RK: Ankita and Aniket have been my greatest fans and harshest critics.  Aniket was the more ‘in your face’ of the two. He had only two words to critique my tale – Chaat or Mast! Chaat meant it had to be trashed and Mast indicated the tale was to be sent pronto to the publisher. Luckily the number of ‘Mast’ were far, far more than the number of ‘Chaat’ and hence I could notch up a healthy score of 30 books.

RJ: 30 is sooooper suberb; and you have all our wishes for a 130 more! How do you find the process of interacting with children during your author visits? What are some of the interesting things kids ask you?

RK: When I’m in the company of kids I feel much younger and far more vibrant. Even a few minutes with little hearts and souls are like an injection of elixir. Will it be too immodest to say that I look much younger than my age because I spend so much time in the pristine world of children?

(RJ: Not at all! We hope you continue to spend more and more time with the bachchas and look the way you do now all your life!)

The response of the young has been fantastic to my initiatives.  In some of my workshops the strength has been nearly 400 while the ideal for this kind of an event is considered to be around 50. My sessions usually involve a lot of singing and dancing; I am terrible singer and a terrific dancer (RJ- sorry for butting in here, but we’re having a swell time discovering the Ramendra behind the books!)  After the workshops the children have often mobbed me with their slam books, class copies and even pieces of paper, asking for autographs. I have felt like a rock star and prayed that time, for a change, wouldn’t play spoil sport.


(at Coimbatore)

In one school a ten year old child came up and told me, “Uncle, this was the happiest day of my life!” Another little girl unleashed an affectionate instruction, “Sir you have to come to our school once every month!”  At Bookaroo,  a boy told me, “Hello Sir, my dream was to be a story writer. You helped me a lot. Can we become email friends?”
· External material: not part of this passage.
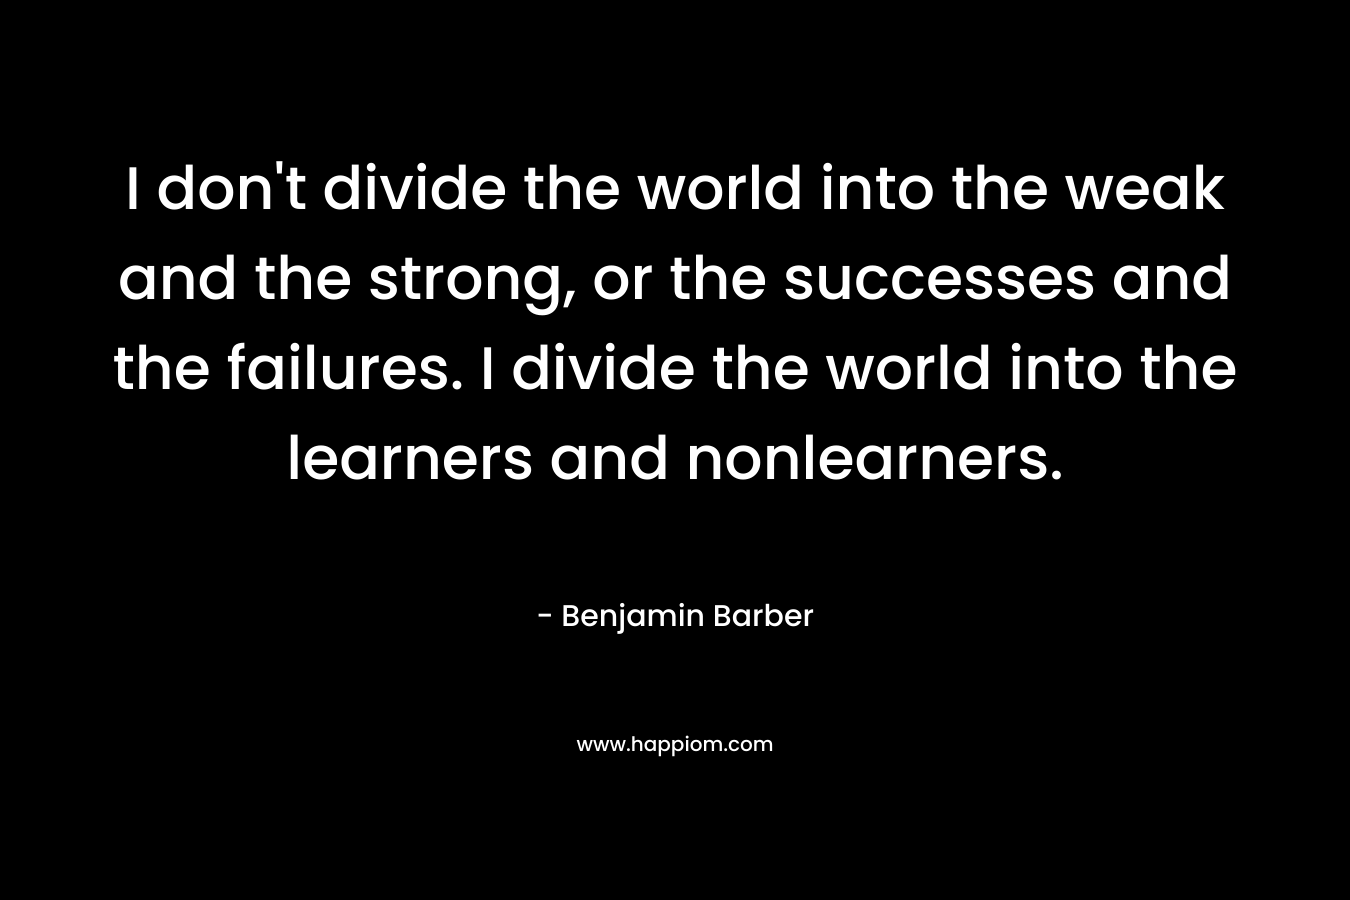 I don't divide the world into the weak and the strong, or the successes and the failures. I divide the world into the learners and nonlearners.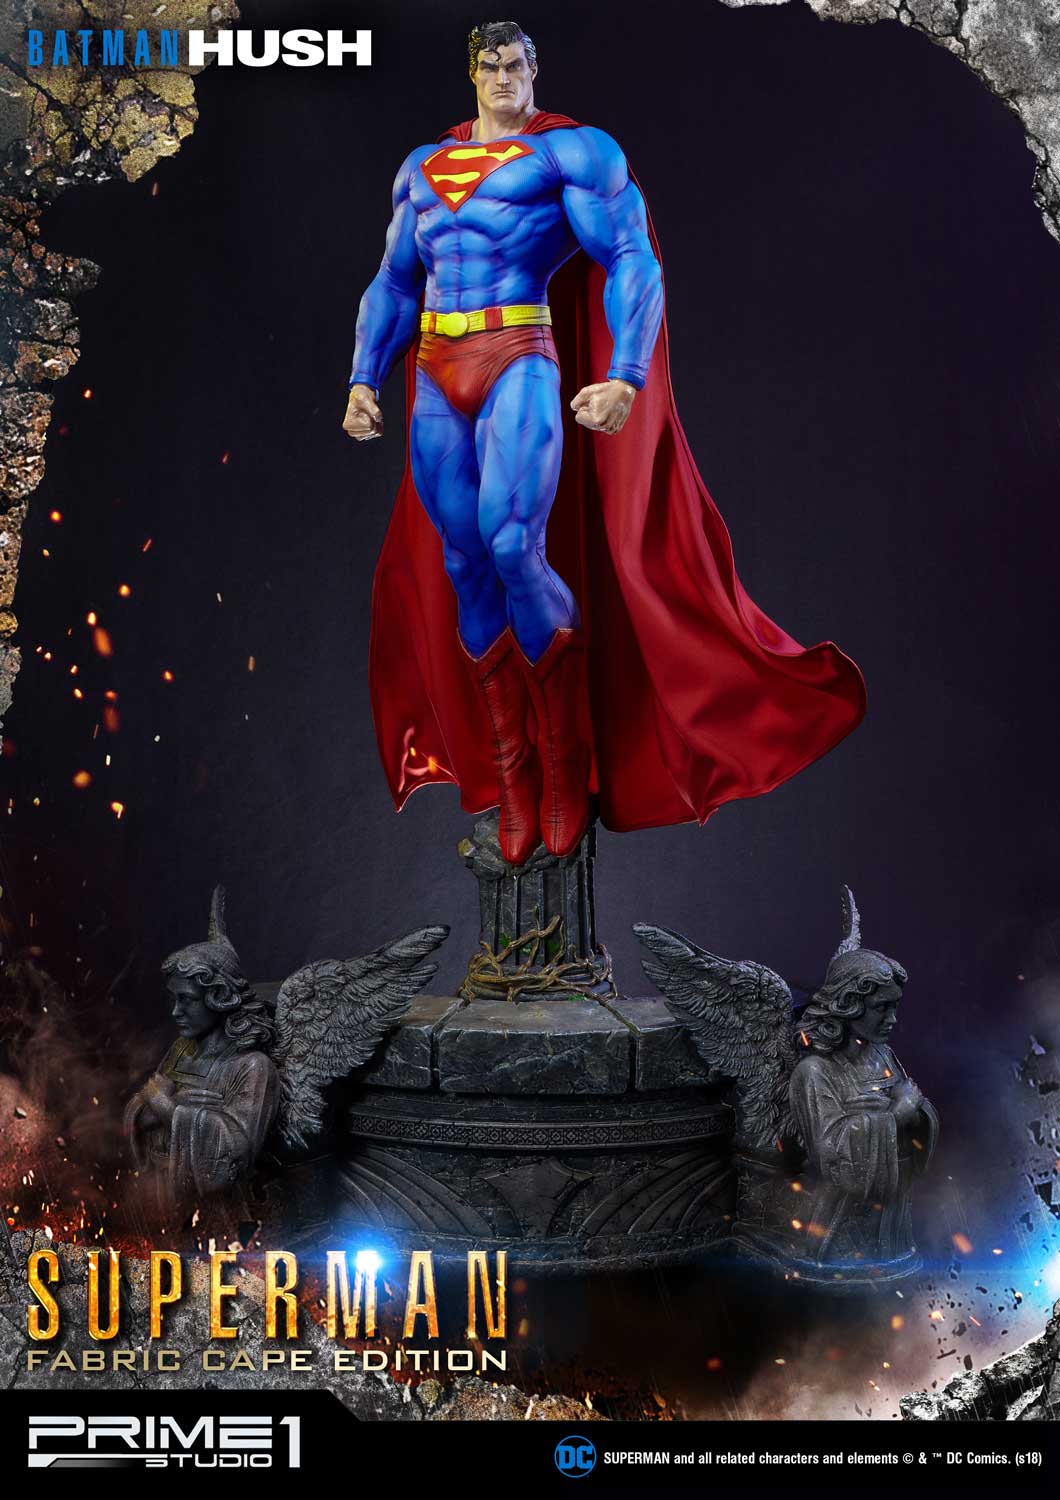 Lottery Sale of Statues Signed by Jim Lee is OPEN-3

I have been deluged with questions related to ideation, plots, locales, how I write, why I write, the place I write, which is my favourite story, my most endearing character et al.



RJ: So truly heartening to read this, Ramendra. May you keep inspiring children with your words and infectious enthusiasm forever and ever. On a slightly unrelated note, are your characters reflections of you or your children in one way or another?

RK: Yes, in a few stories the hero does have shades of my persona as a child.  In couple of tales have I modeled the protagonists on my children.

RJ: Hmmm…that’ll have a lot of your readers guessing! What are you working on these days?

RK: I am working on two books.  I have been commissioned to write a ‘graphic book’ on the Juvenile Justice Act, for children. I am also writing a novel for tweens in which the protagonist Ghatotkachha is banished from heaven. The book recounts the misadventures of Bhima’s son as a normal 12 year old in ‘Mera Bharat Mahan!

Wishing you the very best for everything, Ramendra, and we look forward to reading many many more fun books from you. A big thanks for taking time out for this.